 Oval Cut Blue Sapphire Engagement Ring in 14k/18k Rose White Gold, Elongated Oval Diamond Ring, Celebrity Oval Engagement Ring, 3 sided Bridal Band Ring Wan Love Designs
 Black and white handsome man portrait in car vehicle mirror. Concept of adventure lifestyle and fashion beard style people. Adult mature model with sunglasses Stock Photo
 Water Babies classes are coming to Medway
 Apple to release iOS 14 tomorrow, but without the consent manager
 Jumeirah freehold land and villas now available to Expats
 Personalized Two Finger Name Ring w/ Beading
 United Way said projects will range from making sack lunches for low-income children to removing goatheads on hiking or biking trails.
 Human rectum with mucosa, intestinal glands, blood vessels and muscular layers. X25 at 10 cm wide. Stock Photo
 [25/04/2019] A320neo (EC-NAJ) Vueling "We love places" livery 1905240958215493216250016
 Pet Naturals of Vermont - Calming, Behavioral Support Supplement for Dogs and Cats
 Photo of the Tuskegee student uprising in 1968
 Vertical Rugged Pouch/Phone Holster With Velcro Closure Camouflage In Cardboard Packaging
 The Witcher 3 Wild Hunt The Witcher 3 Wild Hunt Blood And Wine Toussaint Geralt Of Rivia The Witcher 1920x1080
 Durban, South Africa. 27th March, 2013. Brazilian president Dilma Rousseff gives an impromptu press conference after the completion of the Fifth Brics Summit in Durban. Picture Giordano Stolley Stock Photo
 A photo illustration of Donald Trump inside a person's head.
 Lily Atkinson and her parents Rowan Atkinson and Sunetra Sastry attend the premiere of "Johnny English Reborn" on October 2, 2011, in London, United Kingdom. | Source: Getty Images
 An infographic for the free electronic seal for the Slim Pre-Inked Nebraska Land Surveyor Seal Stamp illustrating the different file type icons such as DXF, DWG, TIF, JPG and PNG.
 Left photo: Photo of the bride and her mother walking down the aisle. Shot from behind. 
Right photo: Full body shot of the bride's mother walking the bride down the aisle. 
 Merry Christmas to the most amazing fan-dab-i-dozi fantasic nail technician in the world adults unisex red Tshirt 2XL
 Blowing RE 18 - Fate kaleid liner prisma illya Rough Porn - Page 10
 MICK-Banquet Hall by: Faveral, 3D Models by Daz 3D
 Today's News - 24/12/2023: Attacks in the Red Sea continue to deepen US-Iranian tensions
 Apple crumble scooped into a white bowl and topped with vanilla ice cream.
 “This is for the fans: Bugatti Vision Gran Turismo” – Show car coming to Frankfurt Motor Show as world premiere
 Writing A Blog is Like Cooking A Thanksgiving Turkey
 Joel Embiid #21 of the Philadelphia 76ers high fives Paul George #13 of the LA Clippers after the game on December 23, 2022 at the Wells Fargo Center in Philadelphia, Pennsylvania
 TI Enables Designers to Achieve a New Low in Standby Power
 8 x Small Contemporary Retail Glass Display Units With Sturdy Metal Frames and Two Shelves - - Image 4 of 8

##############################

WHAT YOU HAVE TO DO: Quote only the stretch of lines that starts the data above and ends with the line containing "Human rectum with", both included.

RESULT OF THE EXERCISE:
 Oval Cut Blue Sapphire Engagement Ring in 14k/18k Rose White Gold, Elongated Oval Diamond Ring, Celebrity Oval Engagement Ring, 3 sided Bridal Band Ring Wan Love Designs
 Black and white handsome man portrait in car vehicle mirror. Concept of adventure lifestyle and fashion beard style people. Adult mature model with sunglasses Stock Photo
 Water Babies classes are coming to Medway
 Apple to release iOS 14 tomorrow, but without the consent manager
 Jumeirah freehold land and villas now available to Expats
 Personalized Two Finger Name Ring w/ Beading
 United Way said projects will range from making sack lunches for low-income children to removing goatheads on hiking or biking trails.
 Human rectum with mucosa, intestinal glands, blood vessels and muscular layers. X25 at 10 cm wide. Stock Photo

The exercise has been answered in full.